When one arm of government enables leakage
Ssebagala was particularly critical of weak coordination within government.“I can’t be fighting illegal mining as the mines department,” he said, “but then URA is giving these guys a pass—allowing their illegally mined product to access the market,” he explained.
He called for joint enforcement, including stopping exports of minerals from illegal operations and operationalising a long-promised “single window” system linking DGSM, URA, and customs.“We are both the government,” he said. “There is no reason why we should be publishing information that is not the same.”
Beyond Uganda: regional consequences
Uganda’s transparency gaps also carry regional risks. Ssebagala warned that discrepancies in gold exports are already causing tension within the International Conference on the Great Lakes Region (ICGLR).“This discrepancy is becoming a big problem,” he said. “It could have huge financial implications if it turns out that illegal trade is happening.
”Failure to address transparency gaps could undermine Uganda’s credibility in regional mineral certification systems—further threatening legitimate exports and revenue.
Survival versus obligation
Responding to concerns raised by artisanal miners, Ssebagala acknowledged their struggle—but rejected the idea that survival justifies illegality.
“You are surviving on a resource that is owned by all of us,” he said. “Why don’t you pay your fair duty—your fair obligation of taxes?”Licensing, he insisted, exists to ensure minerals benefit all Ugandans—not just those extracting them.
Can transparency break the resource curse?
Uganda’s EITI experience suggests that transparency alone is not enough—but without it, domestic revenue mobilisation is impossible.

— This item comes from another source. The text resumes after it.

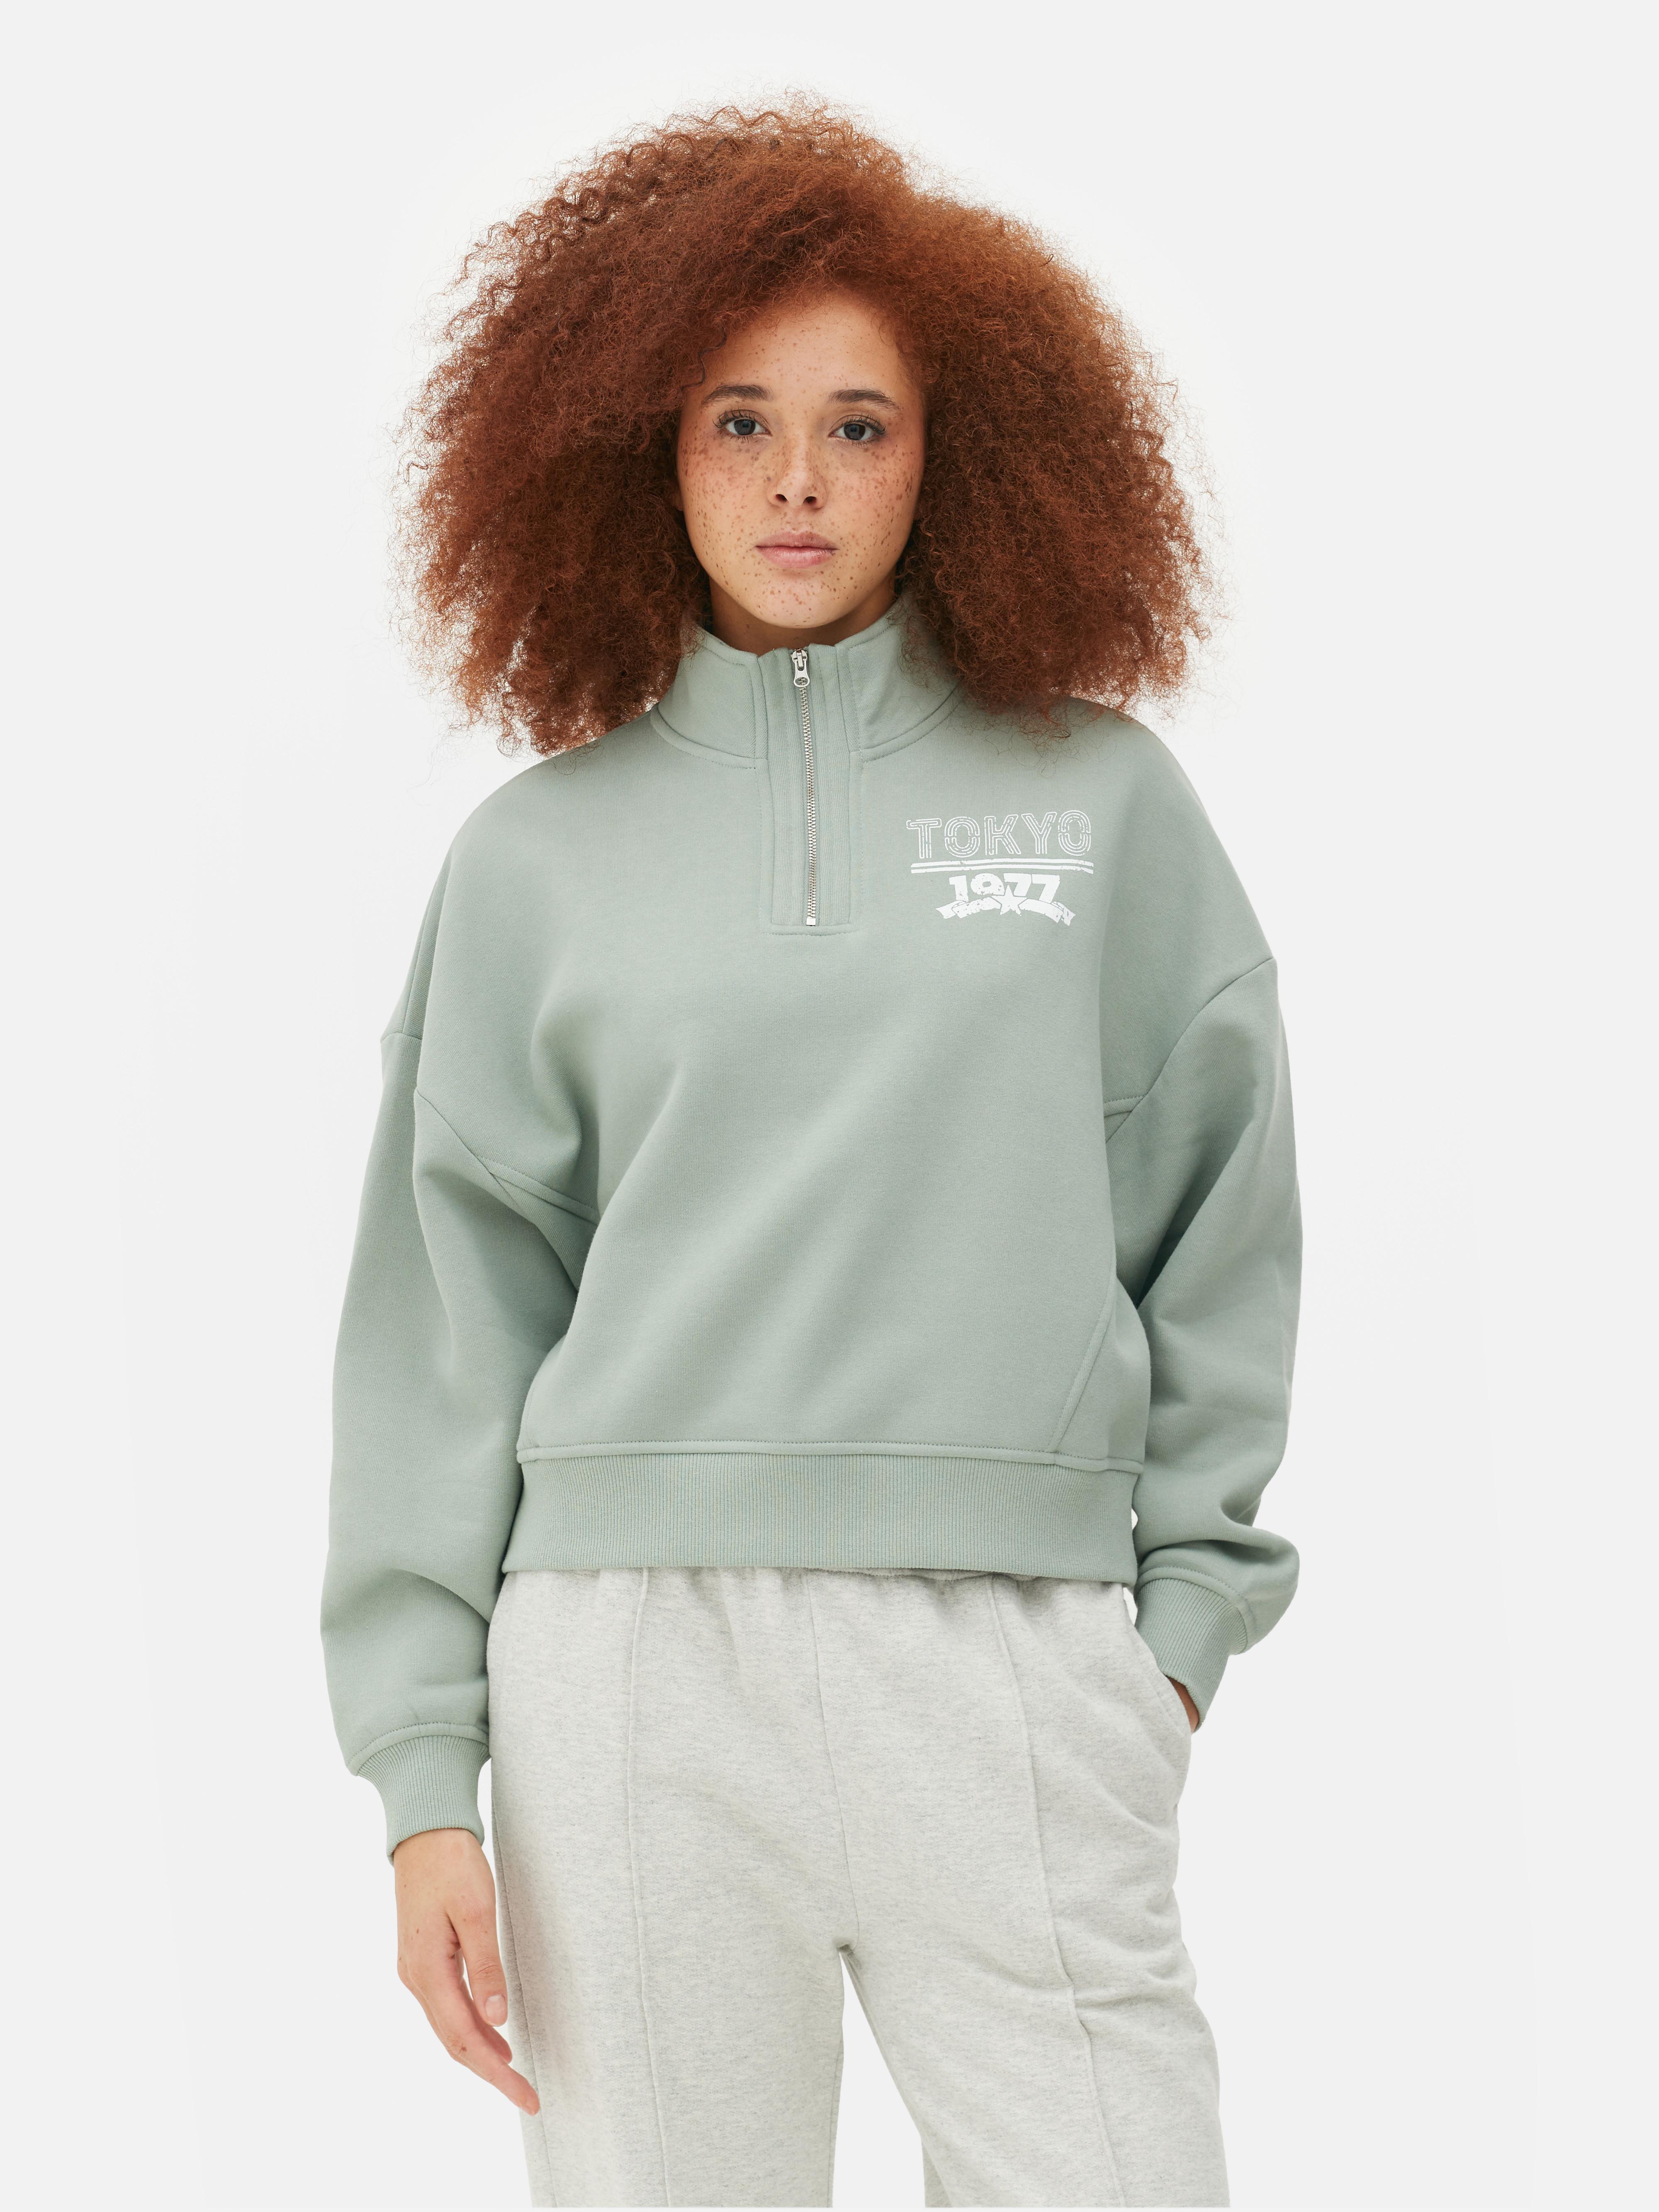 Paula Echevarría Half Zip Sweatshirt | Primark
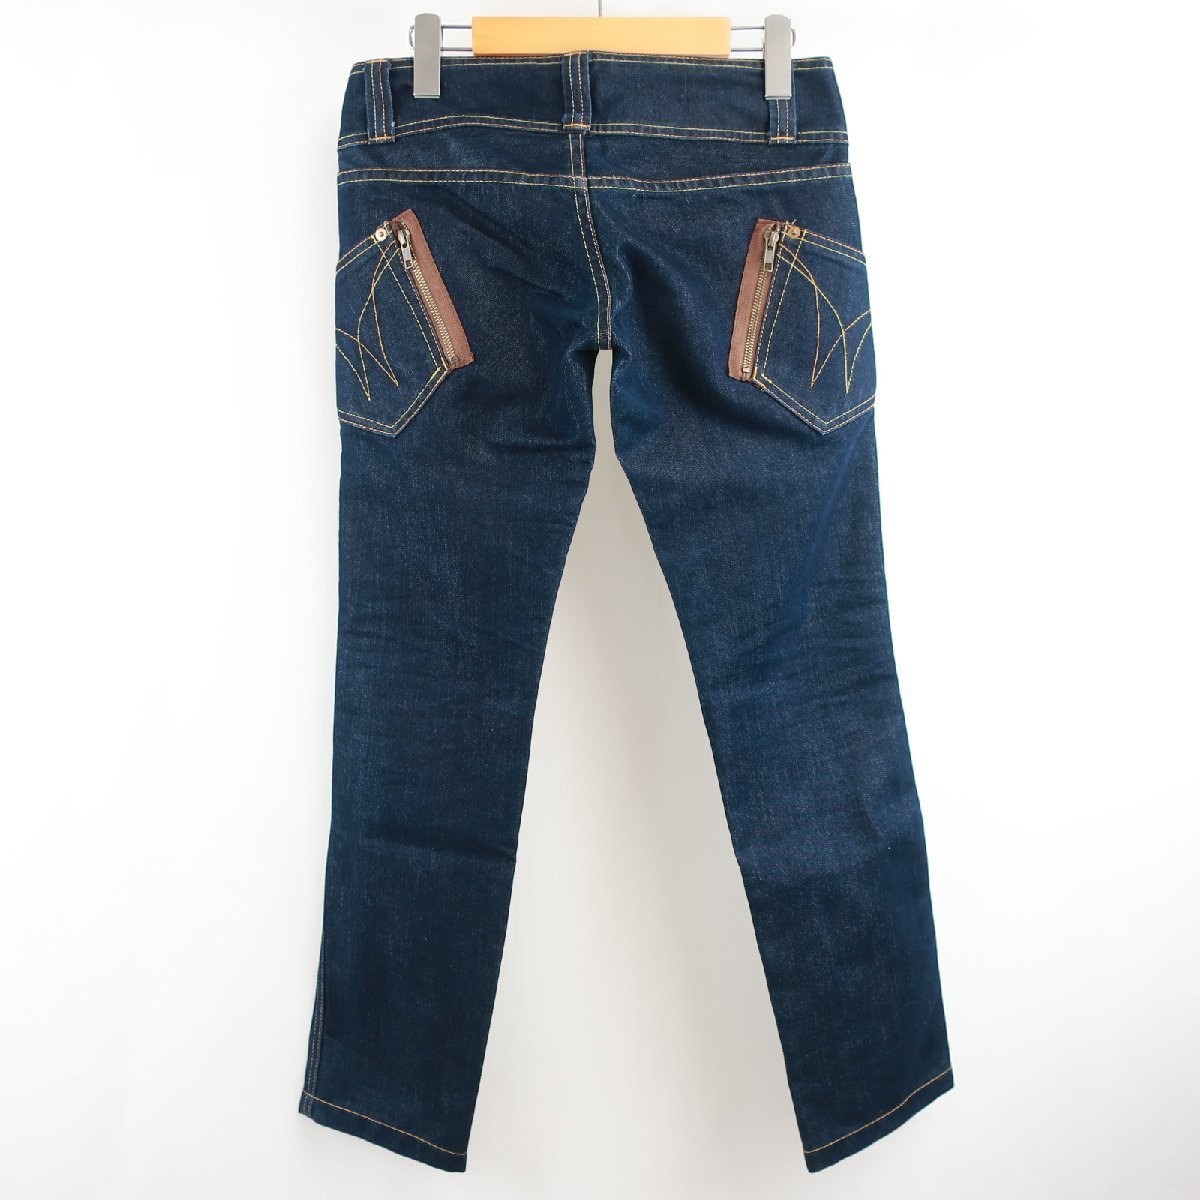 SMORK затонированный особый обработка Zip карман дизайн стежок Denim брюки сделано в Японии 38 темно-синий темно-синий женский KB1703-30

Contract disclosure can prevent revenue loss before it begins. Beneficial ownership can close corruption loopholes. Coordinated data can expose illegal trade. Incentives can formalise businesses. Community participation can sustain accountability. Together, these reforms challenge the logic of the resource curse—the idea that natural wealth inevitably leads to poverty, corruption,n and conflict.
As Uganda prepares to extract more oil and export more minerals, the question is no longer whether transparency matters. The question is whether Uganda can turn transparency into taxes—and taxes into services that finally allow its natural wealth to benefit its people.